From "the godmother of flash fiction" (The Paris Review), a new collection of thirty-six cunning, captivating short stories about the mysteries of life and the human heart. "One of America's most exciting violators of habit." --
Los Angeles Times "Fiction ought to lead us to those precipices where language fails and silence begins. You would be well advised, with a master like Williams, to take the plunge." --
The New York Times Diane Williams is one of the great masters of the American short story: her tiny, coruscating tales are among the most tender, funny, peculiar, and searching works in all of contemporary literature.
I Liked Rex is Williams's newest collection, which explores sex, love, marriage, and all that comes after; it is a book about living, but more importantly, about how to be alive.

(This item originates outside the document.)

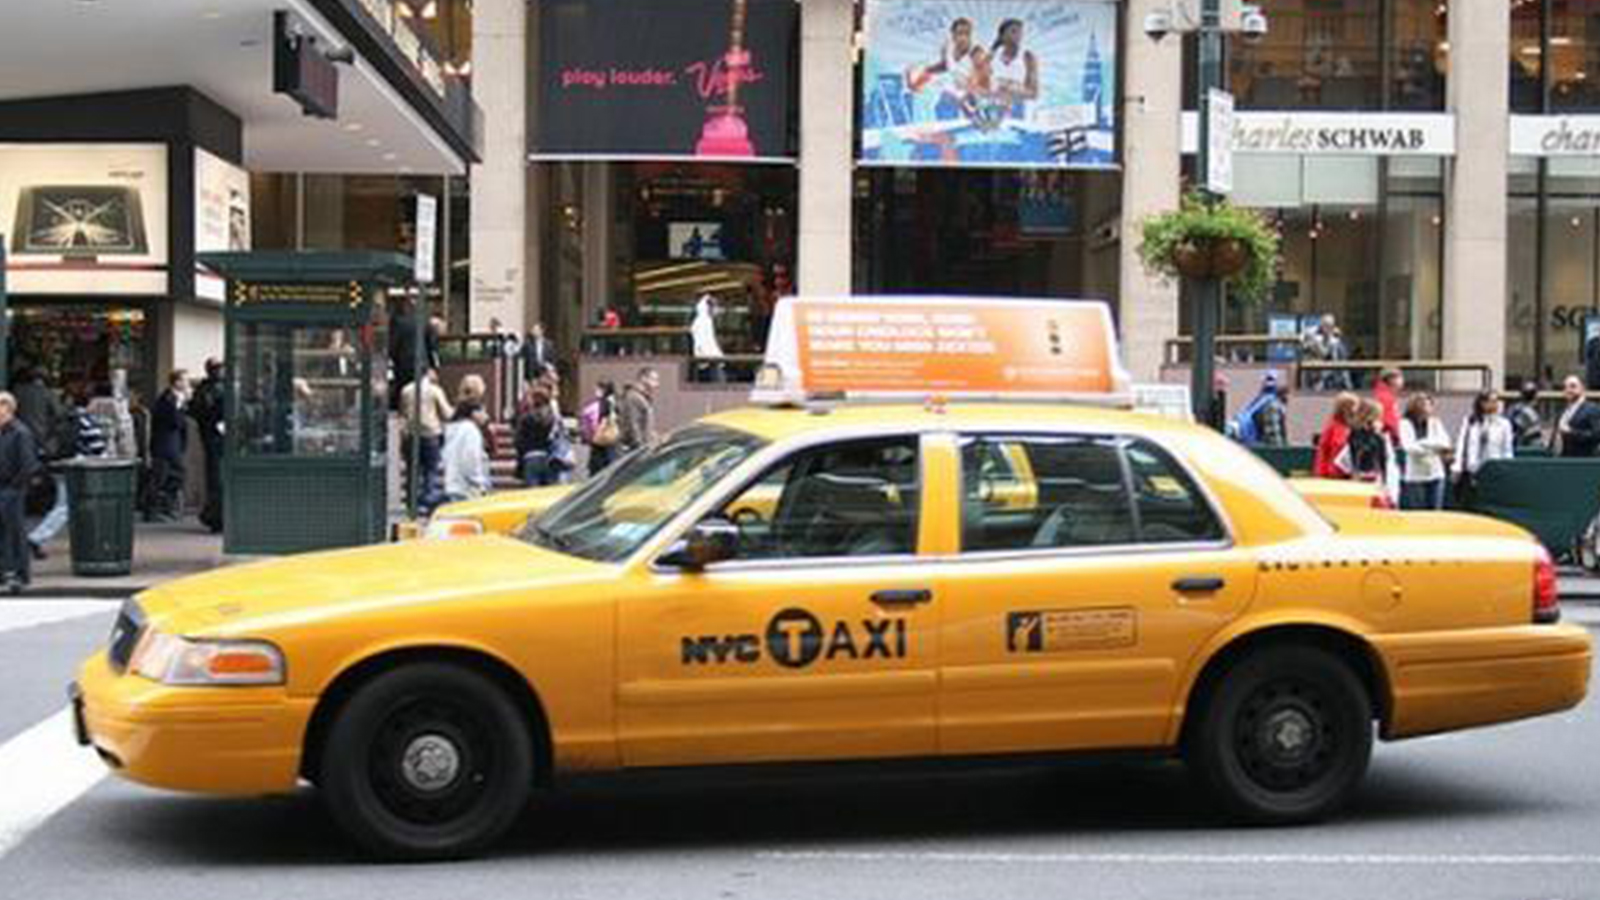 Иви такси. Нью Йорк такси Юбер. Такси Нью-Йорка. Нью Йоркское такси. Такси американская версия.

In these stories, a woman sees her soon-to-be ex-husband on the street, walking patiently at the end of a line of geese; a mother implores a total stranger to watch over her small child at the beach; a guest arrives at an orgy uninvited, and takes a nap beneath a dusty carpet; a woman reflects on her life with a man who used to belong to another, but is hers now--though can anyone really possess anyone else, truly?
Williams's genius lies as much in what is left unspoken as in what is laid out on the page; behind images of startling beauty and strangeness, entire chamber dramas of the heart unfold, and the pleasure of these sphinx-like tales comes from their unremitting mystery, which is the same mystery fundamental to life and to love. A collection of rare originality and daring,
I Liked Rex is a complete and utter delight.